• [INFORMATION PROVIDED]:
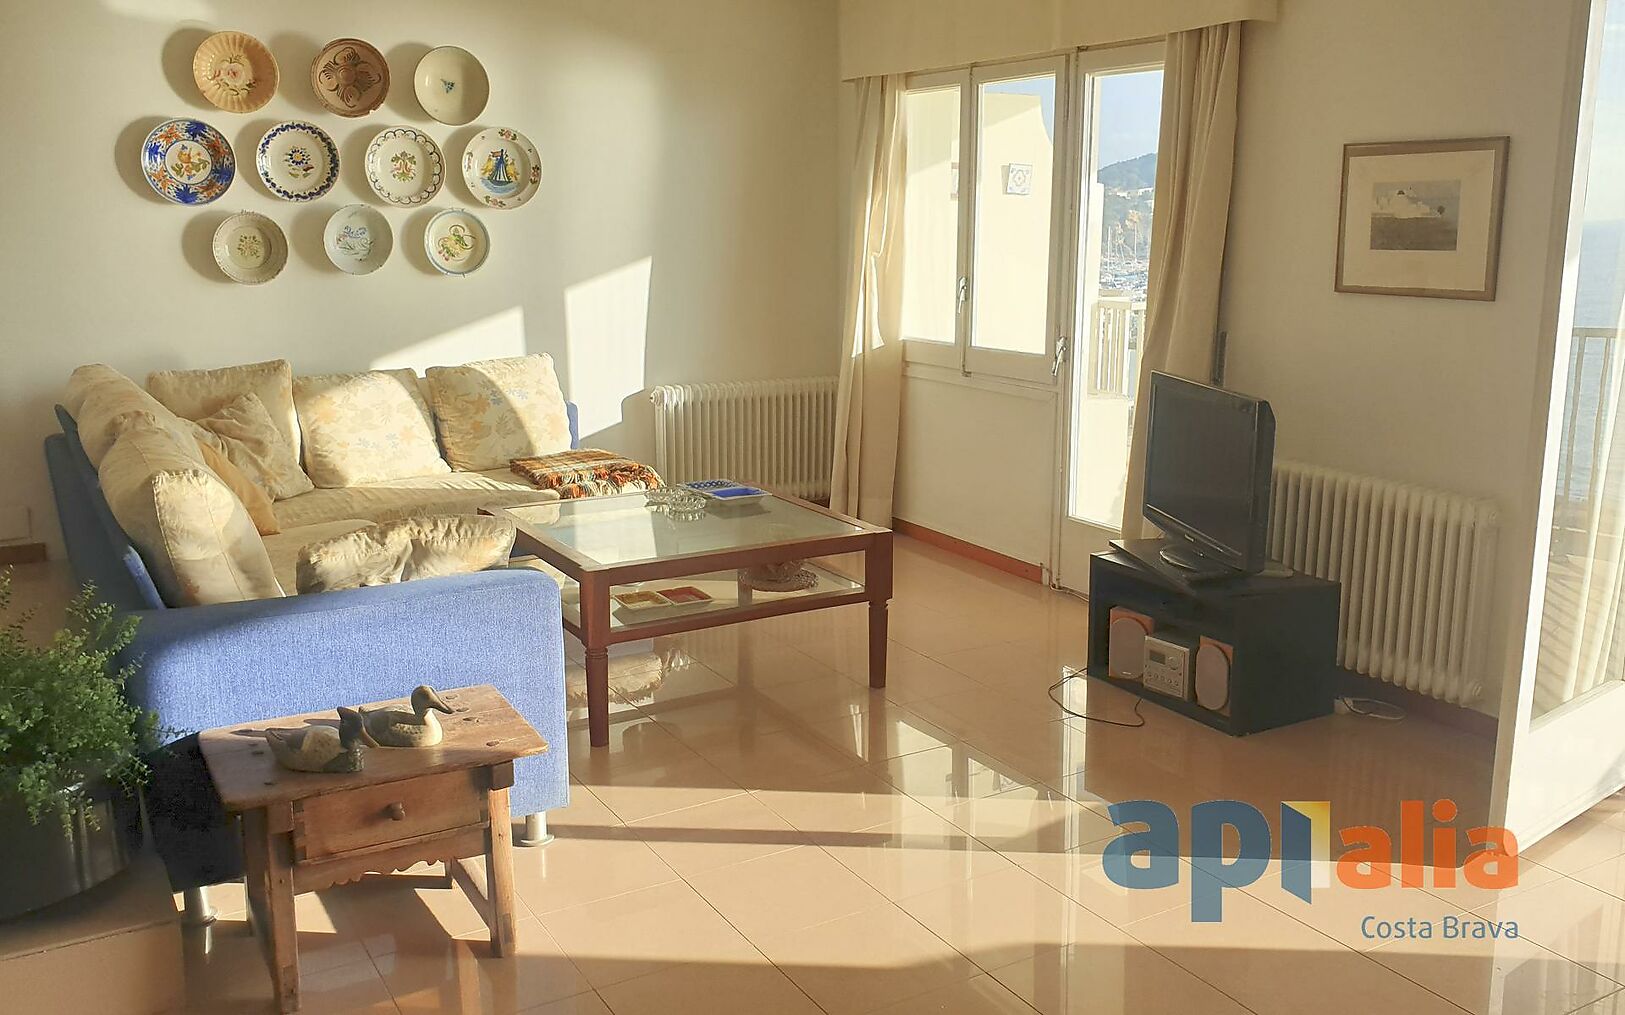 Precioso piso de 3 dormitorios con vistas al mar en Palamós.
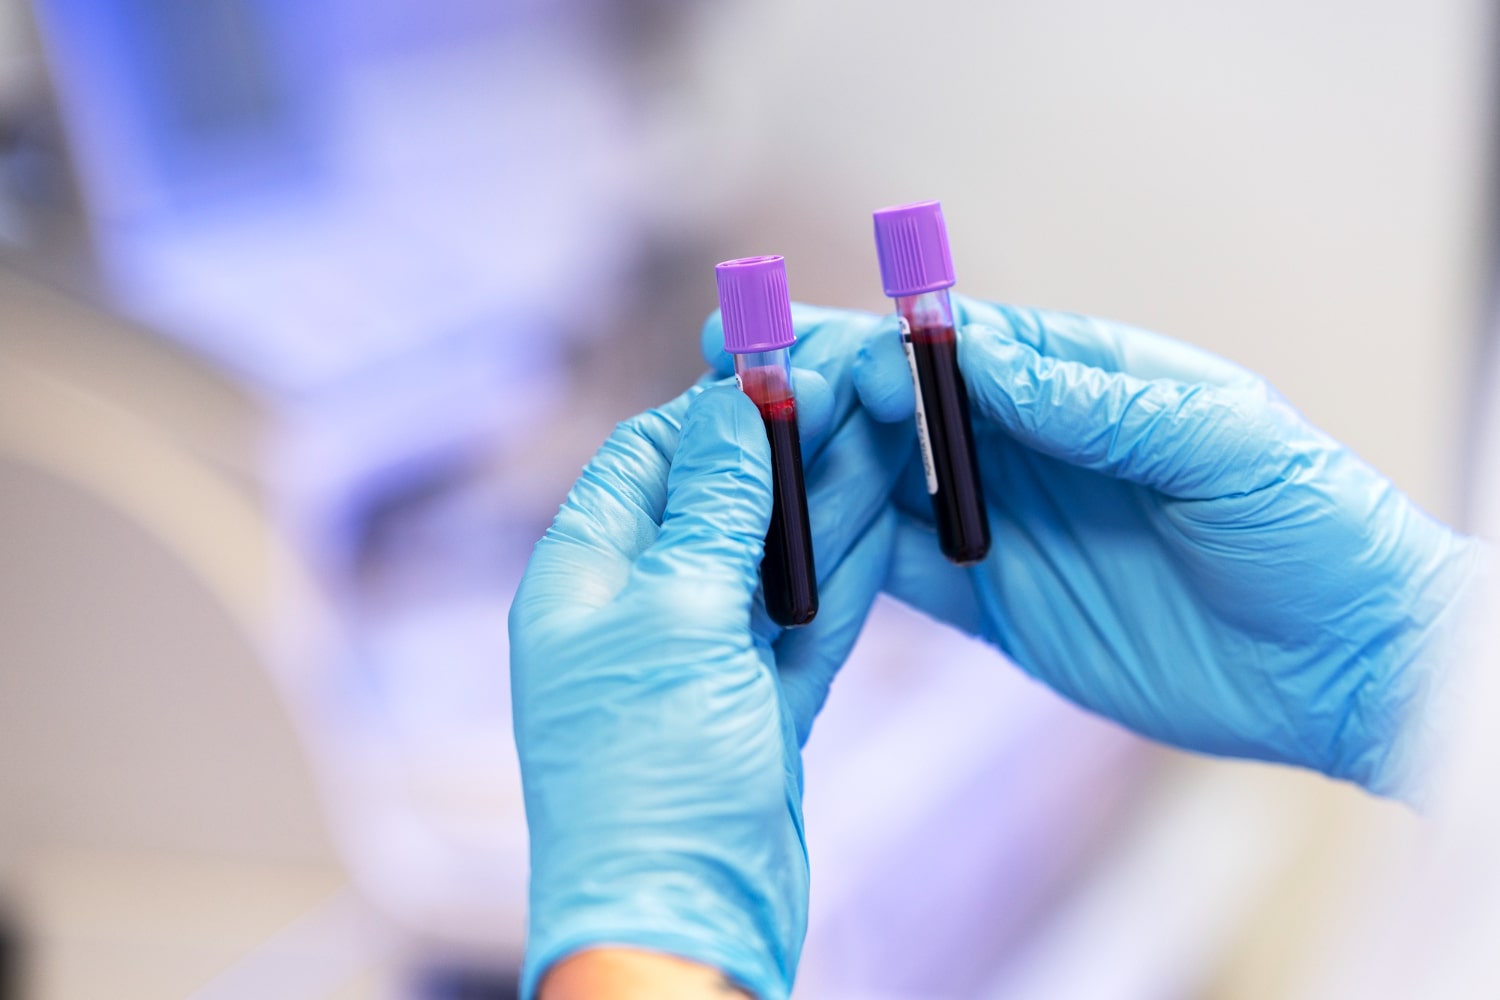 Blood test could help diagnose Parkinson's
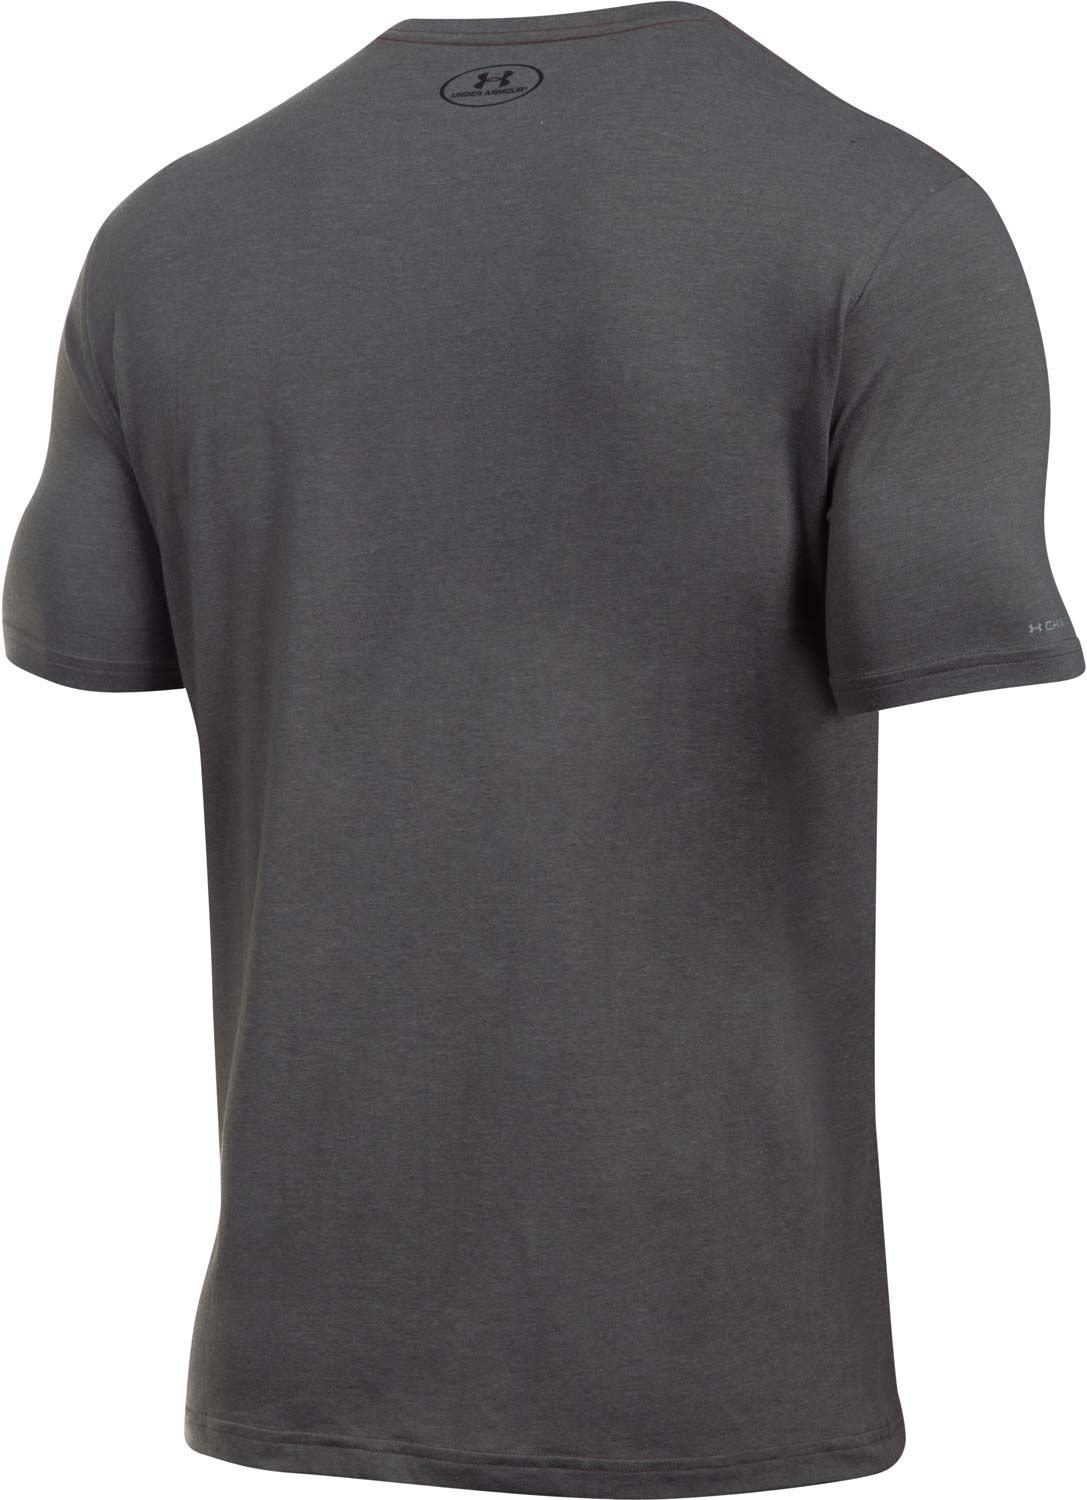 Herren T- Shirt
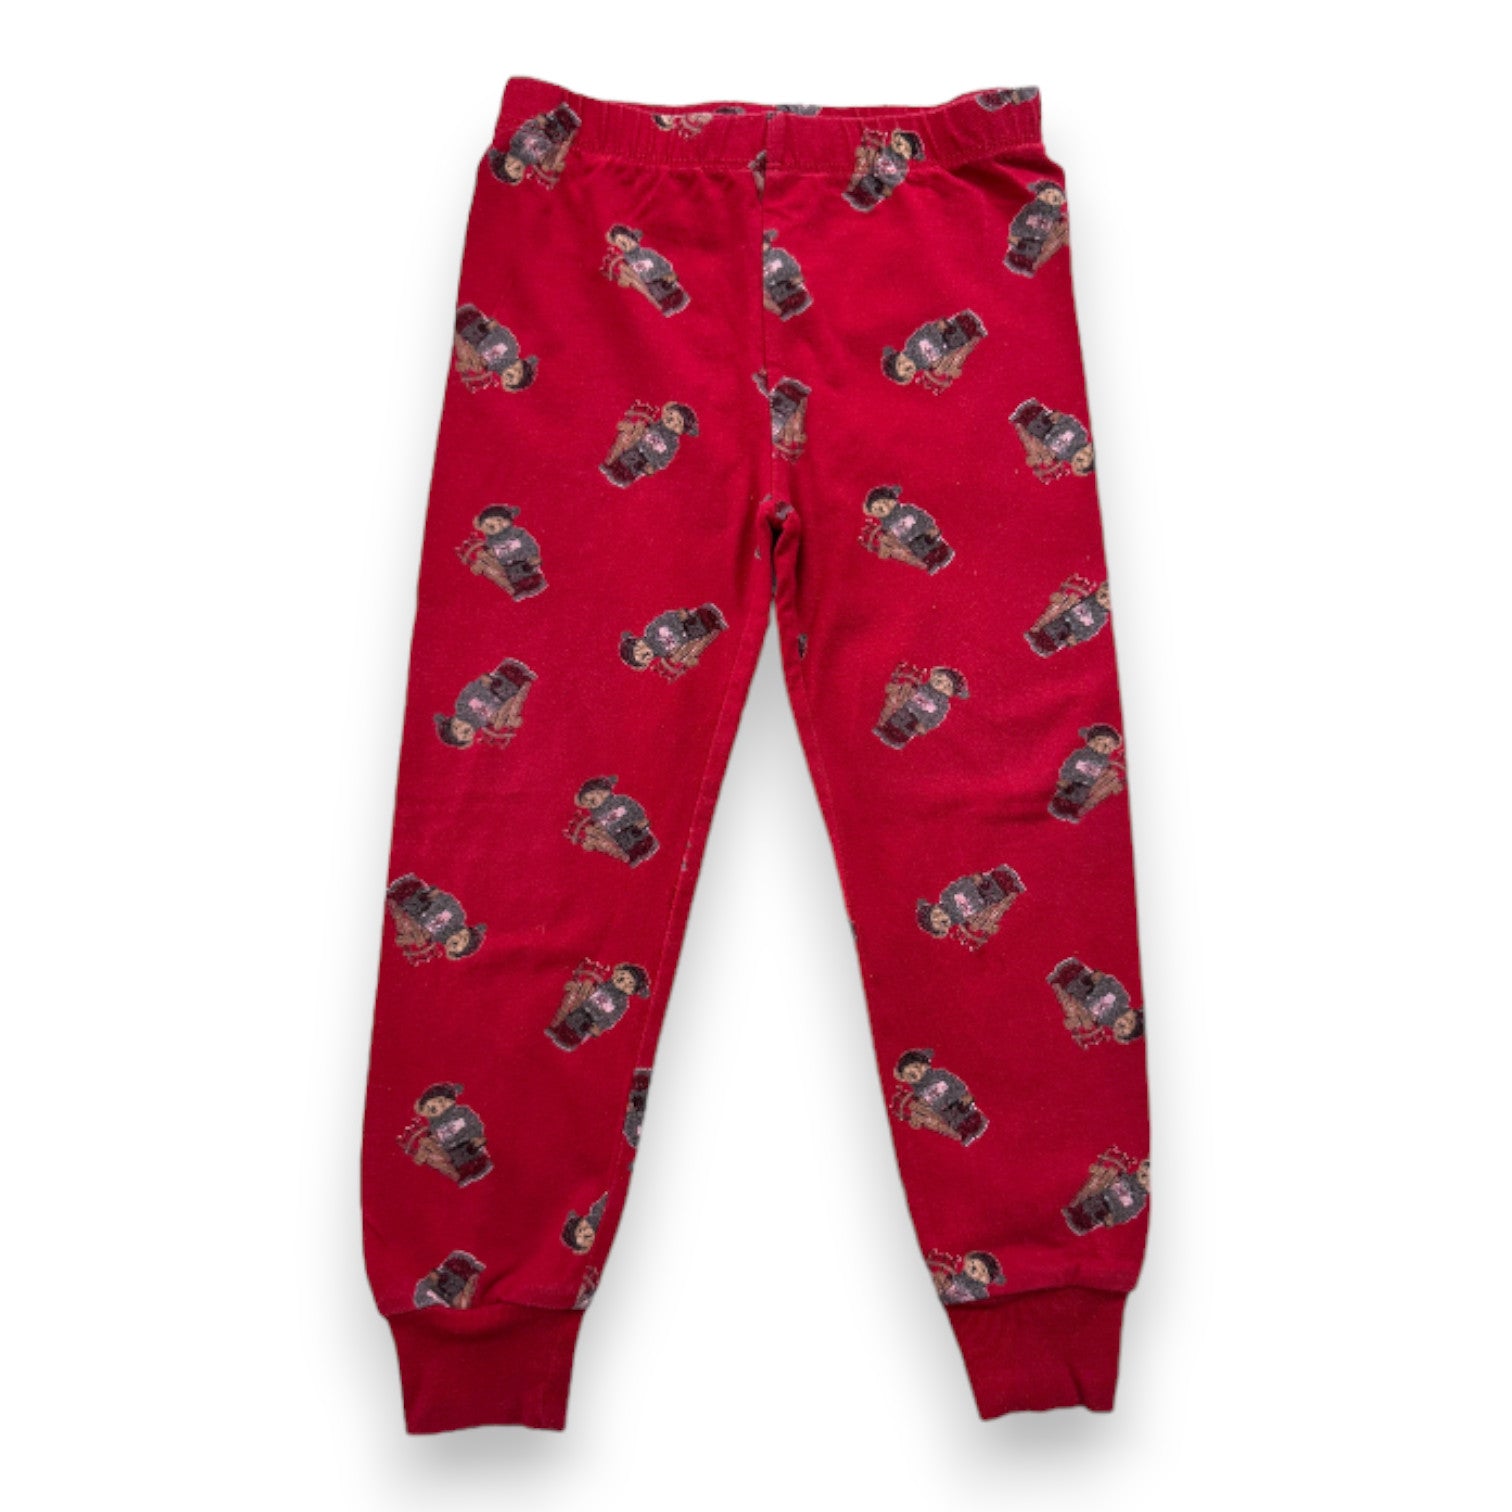 RALPH LAUREN - Bas de pyjama rouge avec imprimés oursons - 3 ans

• [PROBLEM TO WORK ON]: Skip the pictures, then retype every line above exactly.

• [YOUR SOLUTION]:
 Precioso piso de 3 dormitorios con vistas al mar en Palamós.
 Blood test could help diagnose Parkinson's
 Herren T- Shirt
 RALPH LAUREN - Bas de pyjama rouge avec imprimés oursons - 3 ans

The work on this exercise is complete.